Education Cabinet Secretary George Magoha and Interior Cabinet Secretary Fred Matiang’i have in unison agreed to push for reintroduction of caning in schools.
Education Cabinet Secretary George Magoha who was in Egentonto Primary School in South Mugirango Constituency in Kisii County accompanied by Matiang’i, advocated for the reintroduction of corporal punishment in schools to bring back sanity.
“I am adamant that caning should be reintroduced back in schools immediately because we cannot afford to have rogue students running amok in schools unchecked,” said Magoha.
Magoha said that during his time in school, they were caned thoroughly which made him what he is today and that nobody died from the strokes of canes they got from teachers in a bid to instill discipline in the students.
“We need to introduce caning back in schools like yesterday… do not expect our teachers to do the impossible,” Magoha stated.
The same sentiments were echoed by CS Matiang’i, who made it clear that the government has had enough of the indiscipline cases in schools.
“We must discipline our children and we must insist on some things we cannot create a society of animals. So our work is to build schools as they burn them down? It’s tough love, our children must understand one thing that it takes sacrifice from parents to get these things,” Matiang’i noted.
“I am not a subscriber of those things of human rights of the child, because the Bible says spare the rod and spoil the child, I want us to start talking how we will discipline our children,” added Matiang’i.
Magoha further castigated the students stating that some of them even want to hurt their teachers and other education stakeholders.
“Which human rights are those when you want to burn your colleagues in the halls, and that will lead to the talks of whether we still need boarding schools in the country,” Magoha questioned.
The plan to reintroduce corporal punishment comes barely days after Maranda High School was torched on Sunday, December 5.
At the same Matiang’i blamed human rights activists for the unruly behaviour currently witnessed in schools.

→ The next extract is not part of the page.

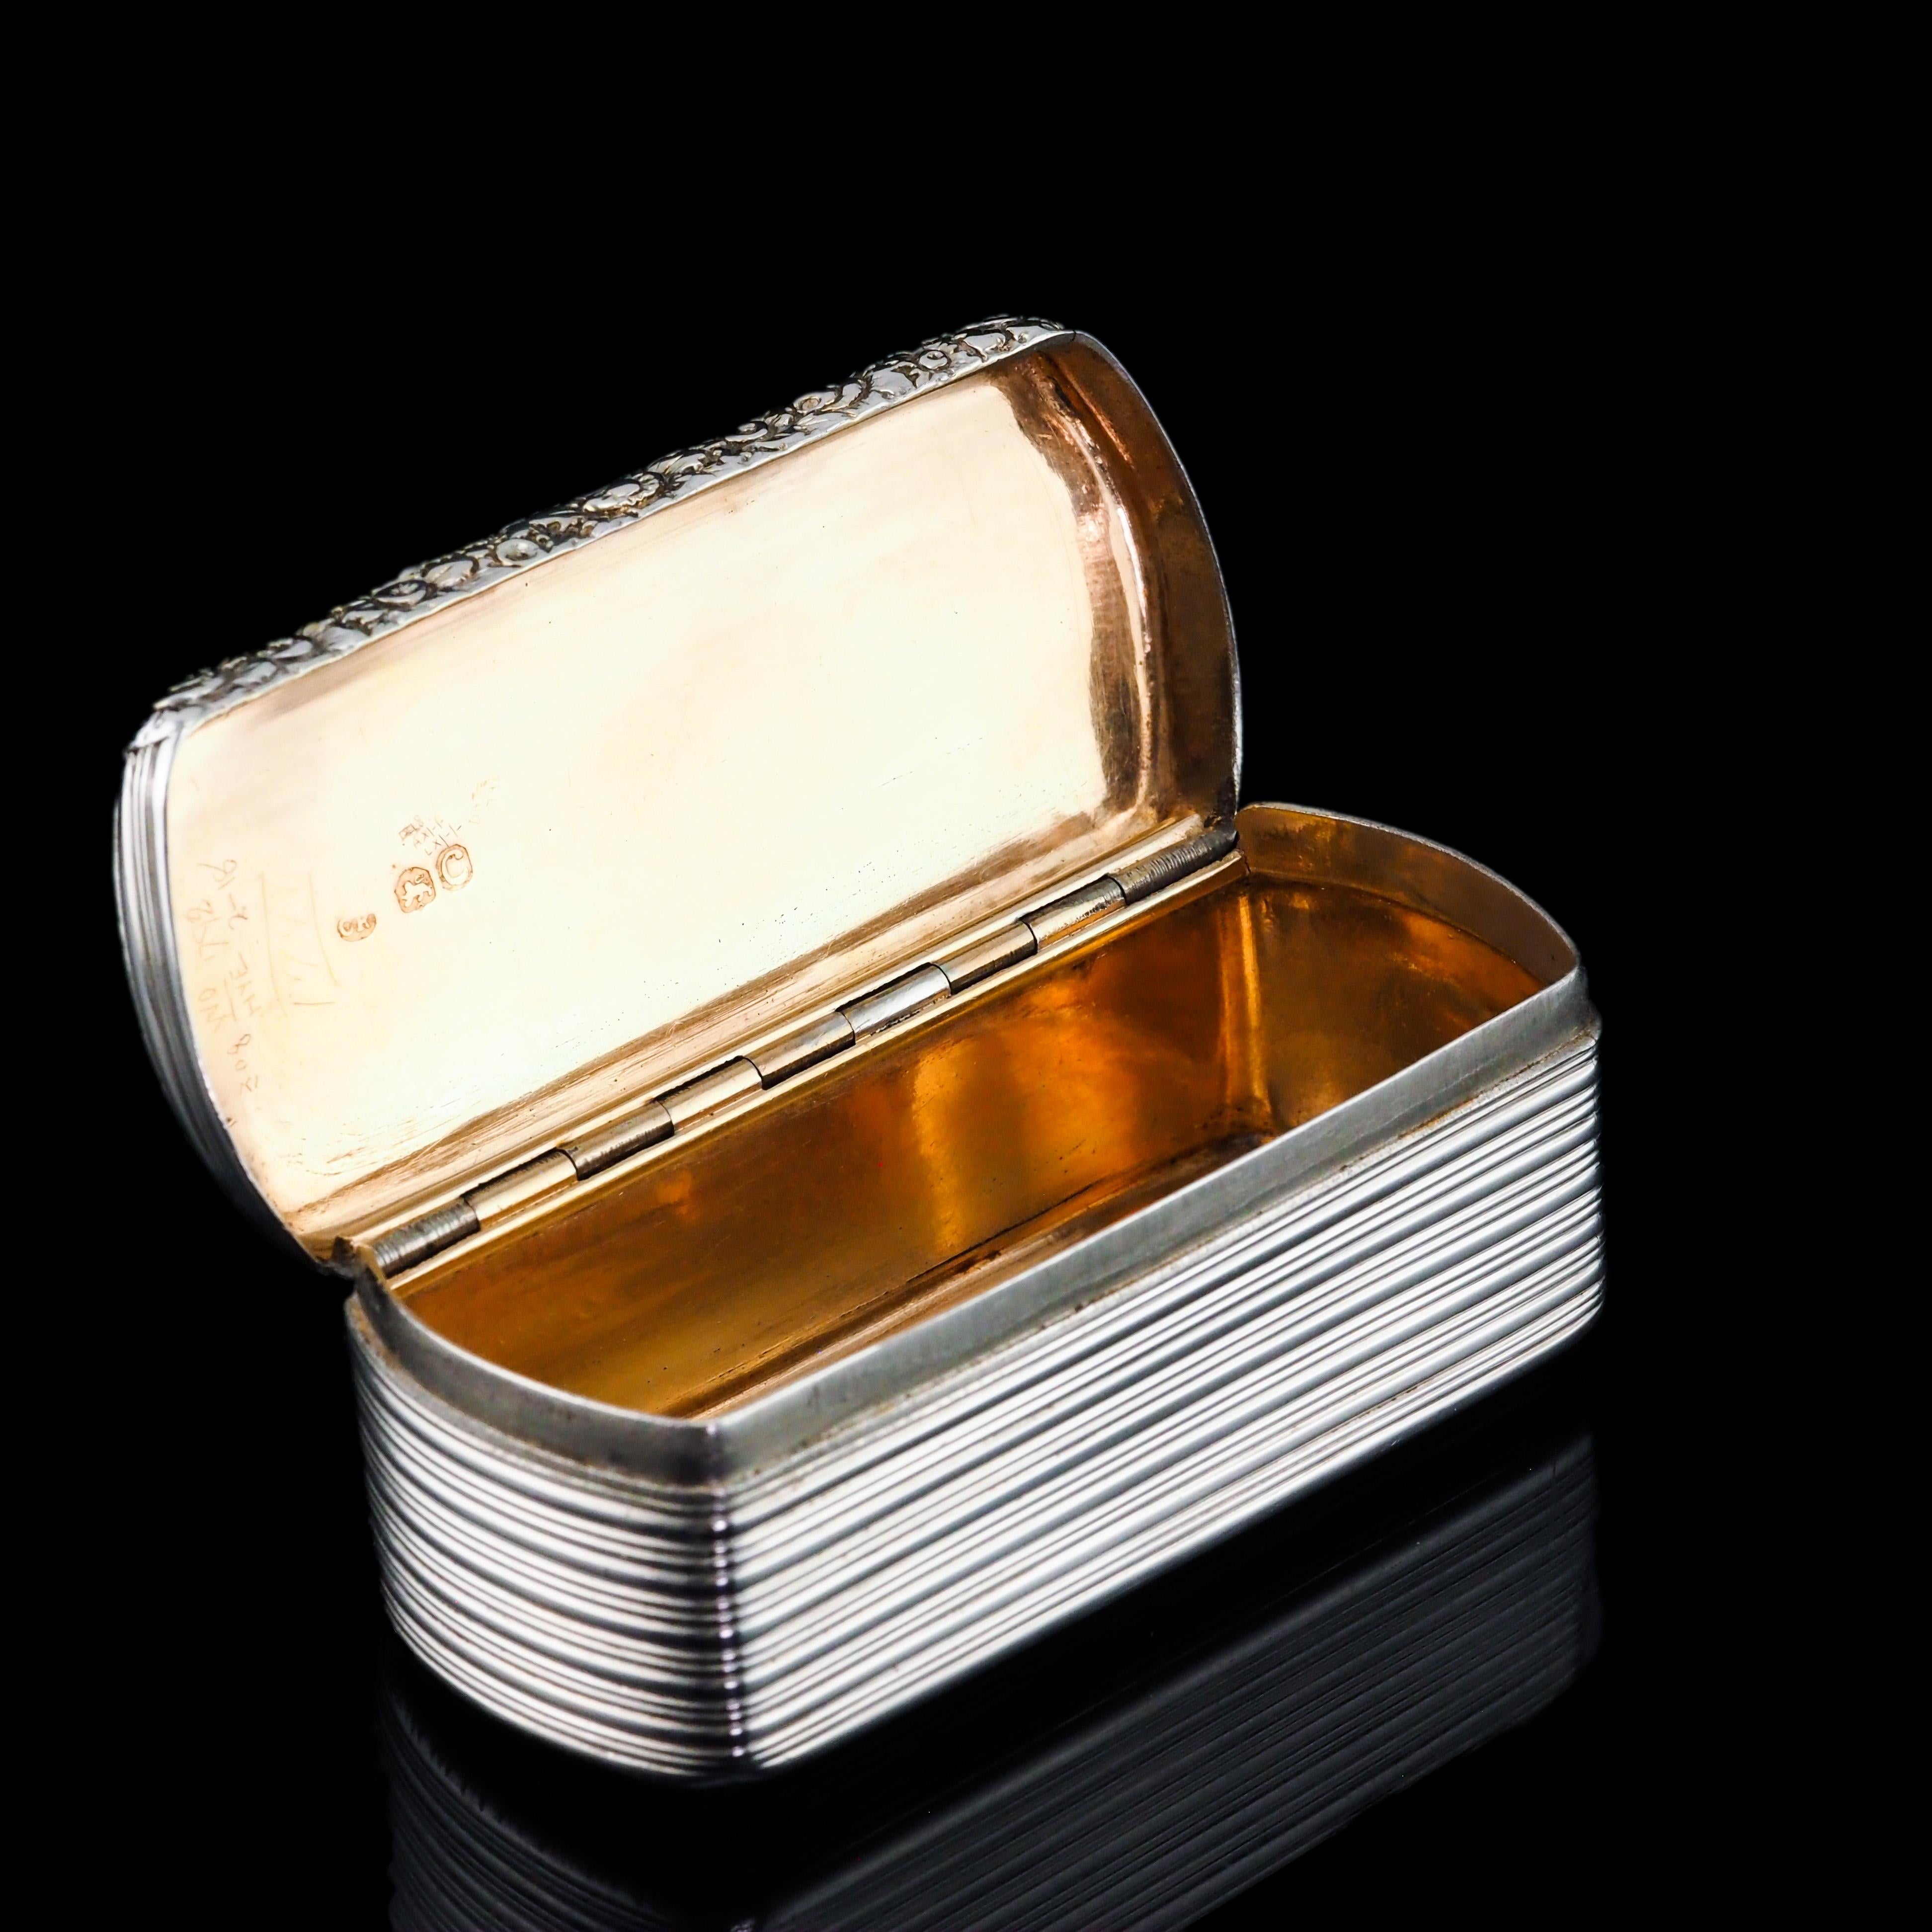 We are delighted to offer this classically elegant Georgian solid silver snuff box made by Charles Rawlings, London 1818.
 
The box features an understated and timeless Georgian design with reeded band decorations on all sides of the oblong box.

He said human rights activists have made it difficult for the Government to have sanity in the education sector.
However, he added that the Government is keen on ensuring there was law and order in the management of the education sector in the country.
“The Government is concerned about the frequent cases of unrest in schools and we are going to put measures in place to ensure we have law and order in place,” said Matiang’i.
There are forces pushing for reintroduction of caning in schools.
Few weeks ago Kisii and Nyamira leaders wanted the government to convene an urgent stakeholders meeting to discuss reintroducing caning to end runaway arson and indiscipline.
They want the Education ministry to lift the ban on corporal punishment to curb the surge in school burnings.
At least 17 arson fires have damaged schools around the country since.
A section of clerics have also called on the Ministry of Education to consider reintroducing corporal punishment in schools.
The clergymen said tough disciplinary actions against students violating institutional rules and regulations is the only way to restore sanity in schools and maintain discipline among students.
The Federation of Evangelical and Indigenous Christian Churches of Kenya warned that sending students home without addressing the root cause of unrest will not solve the matter.
The violence has seen dormitories torched and school properties damaged.
“As the church, we are very concerned by this worrying trend of our children using violent means to air their grievances. If not addressed immediately, it will will be a cancer that will take ages to combat,” Bishop Samuel Njiriri said.
“It is high time caning is allowed in our schools so as to instil proper discipline in our children. Even the Bible avers that you spare the rod, you spoil the child.”
The clerics spoke during a prayer meeting and a fundraiser for construction of a modern church at Glory Outreach Assembly in Kahawa Wendani, Ruiru subcounty on Saturday.
Njiriri said there was a spike in indiscipline following the closure of schools in March last year due to the Covid-19 pandemic.
He said most of the students started engaging in anti-social vices like drinking alcohol and abusing drugs.
“This is the time our girls started being impregnated. This the reason why we are witnessing such uncouth behaviour from our children and all stakeholders must work jointly to deal with the problem,” Njiriri said.